▸ **WHAT THIS TASK INVOLVES**: Each line below must be transcribed exactly, and no picture may appear in the transcription.

*** GIVEN INFORMATION ***

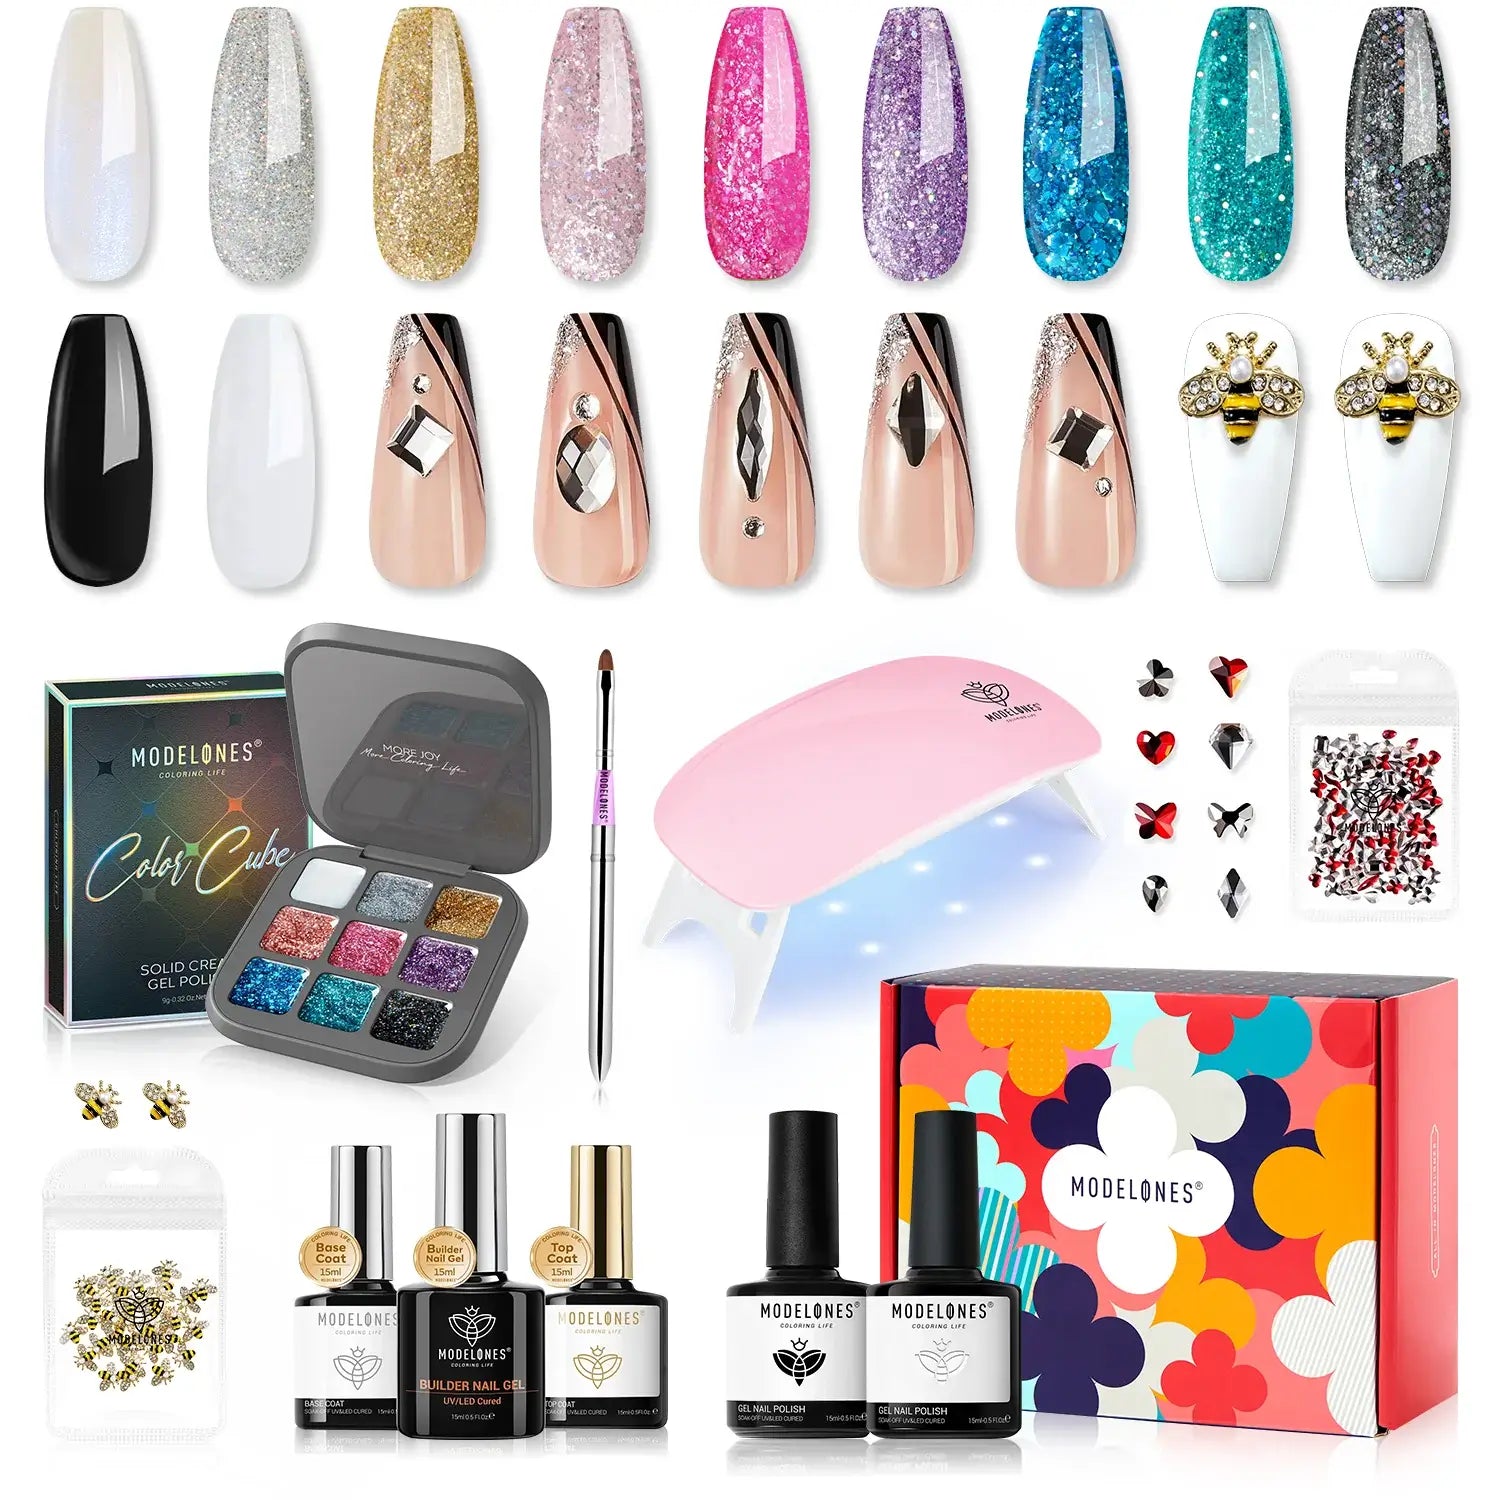 Celebration - All-In-One Gel Nail Polish Kit - Gift for Mother's Day【Free Nail Art Gloves】
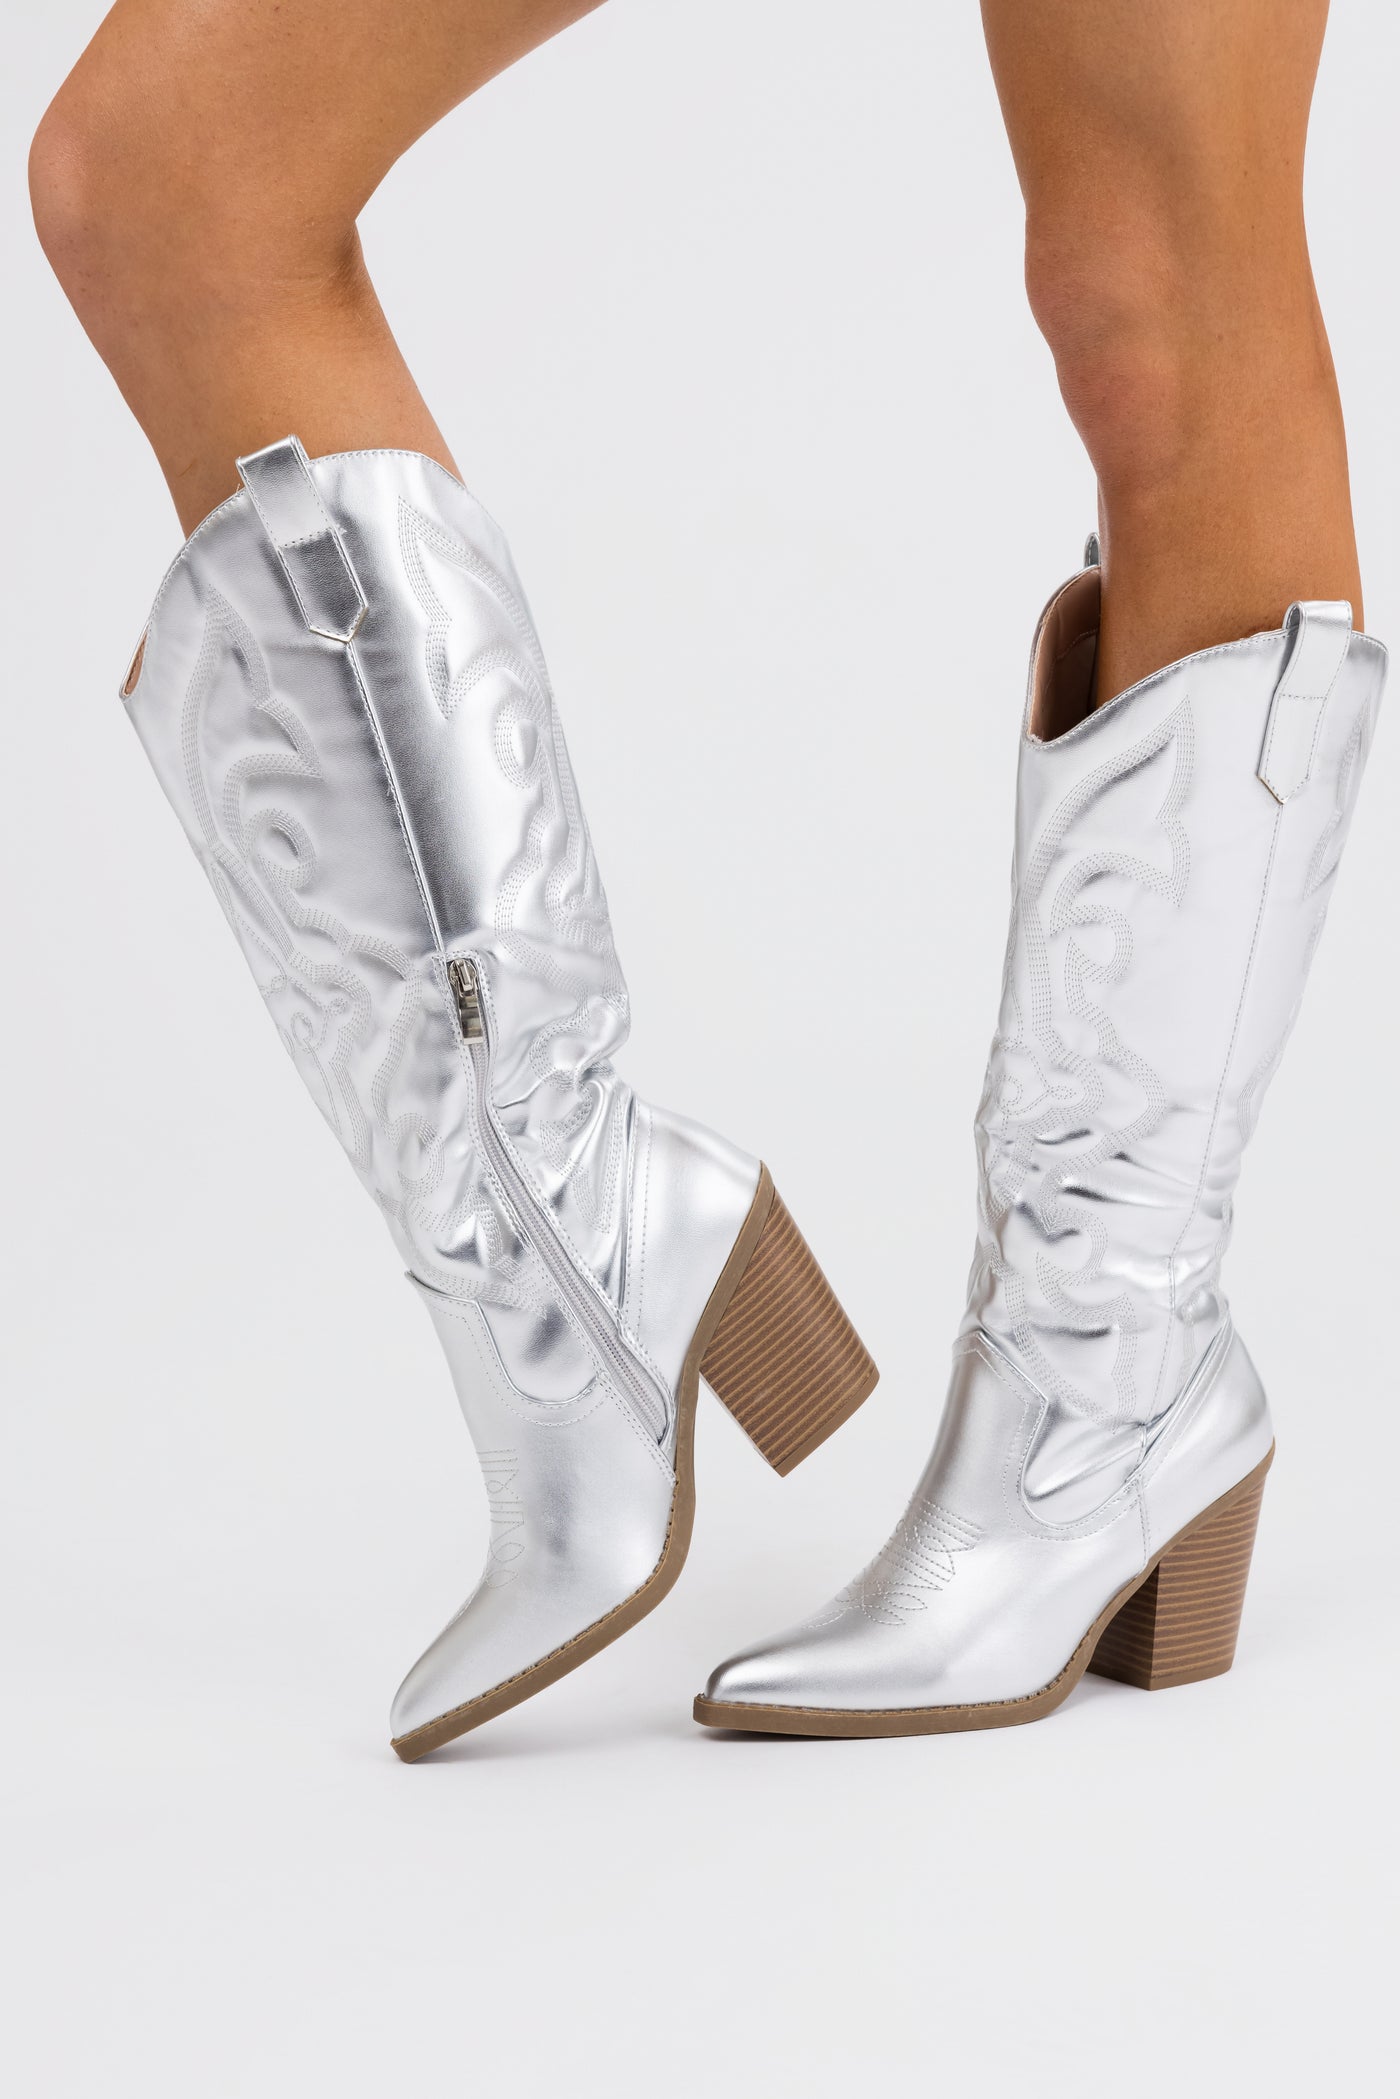 Silver Faux Leather Metallic Western Boots
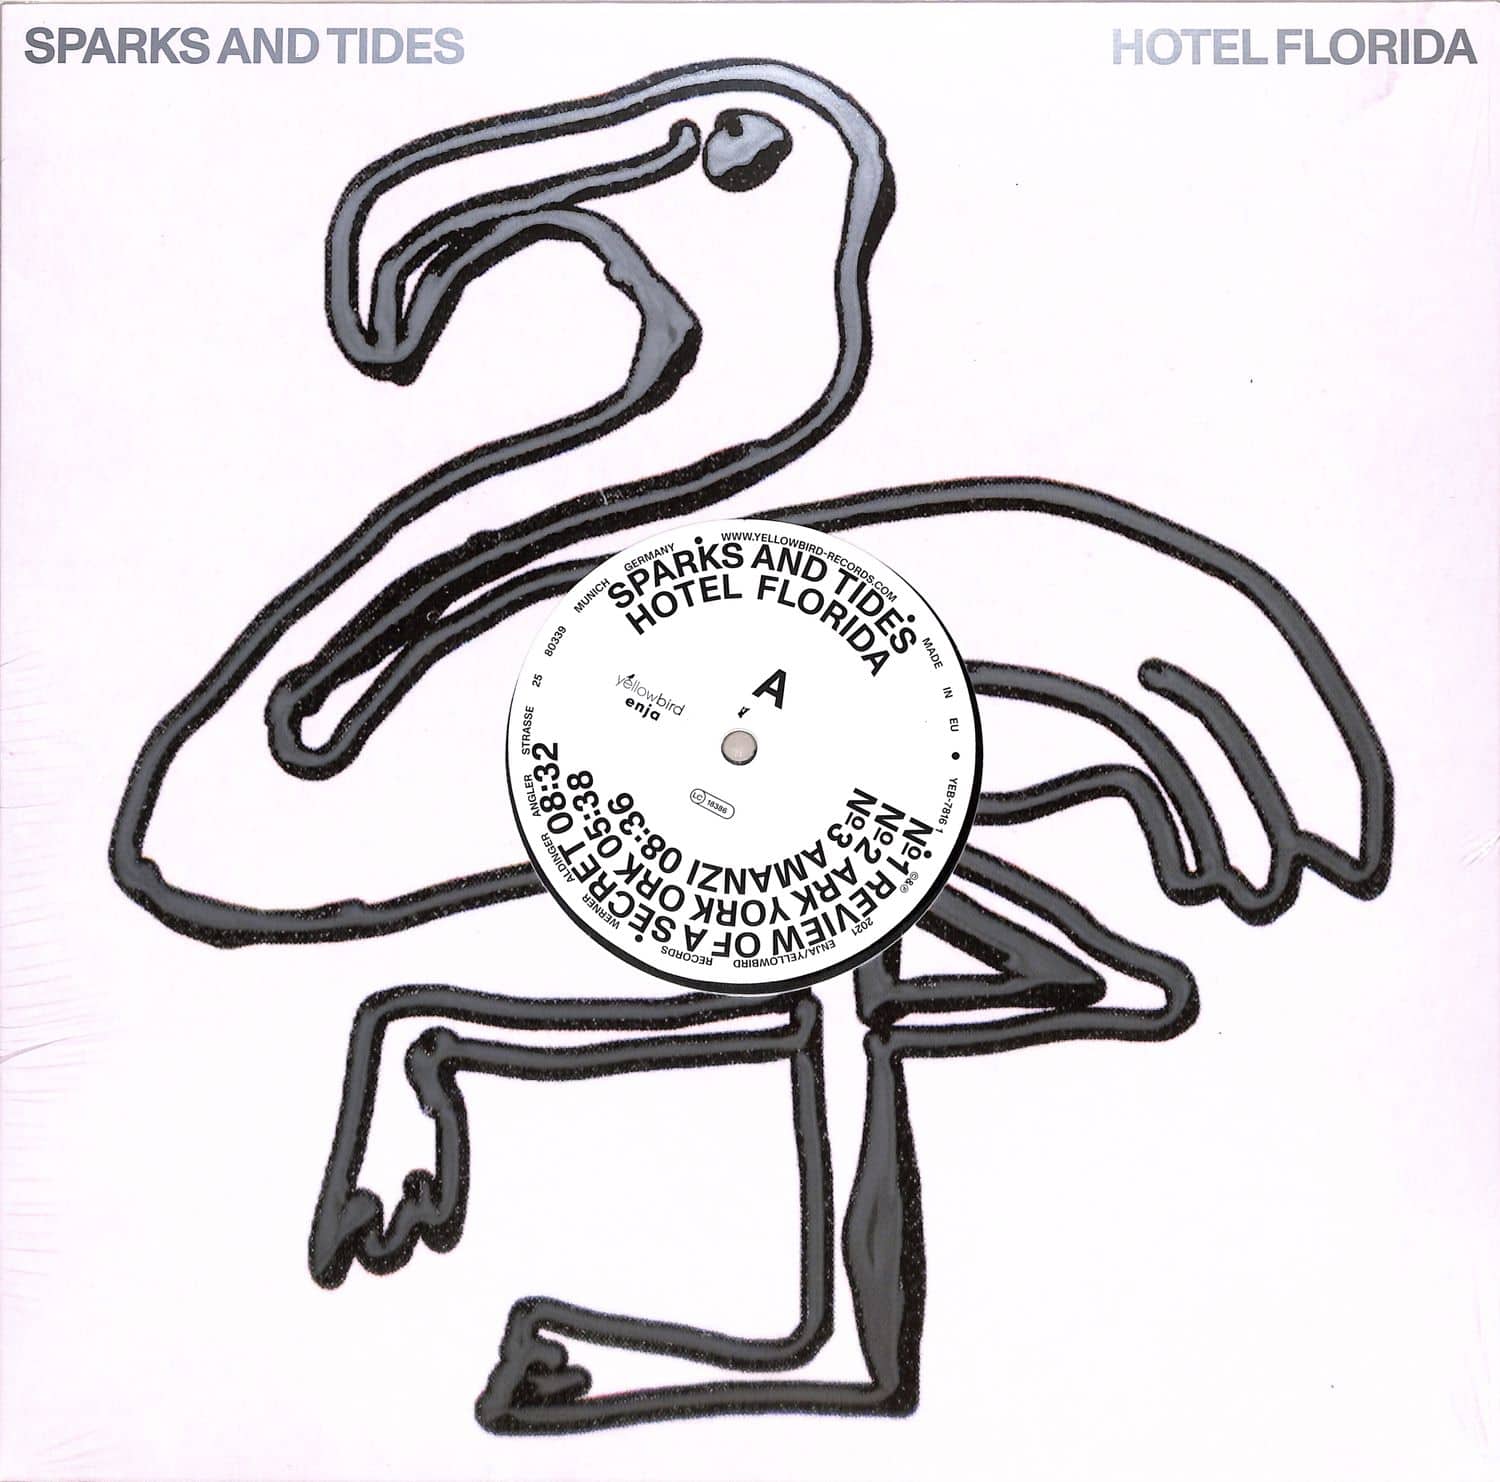 Sparks And Tides - HOTEL FLORIDA

*** End of GIVEN INFORMATION ***

▸ **ANSWER BELOW**:
 Celebration - All-In-One Gel Nail Polish Kit - Gift for Mother's Day【Free Nail Art Gloves】
 Silver Faux Leather Metallic Western Boots
 Sparks And Tides - HOTEL FLORIDA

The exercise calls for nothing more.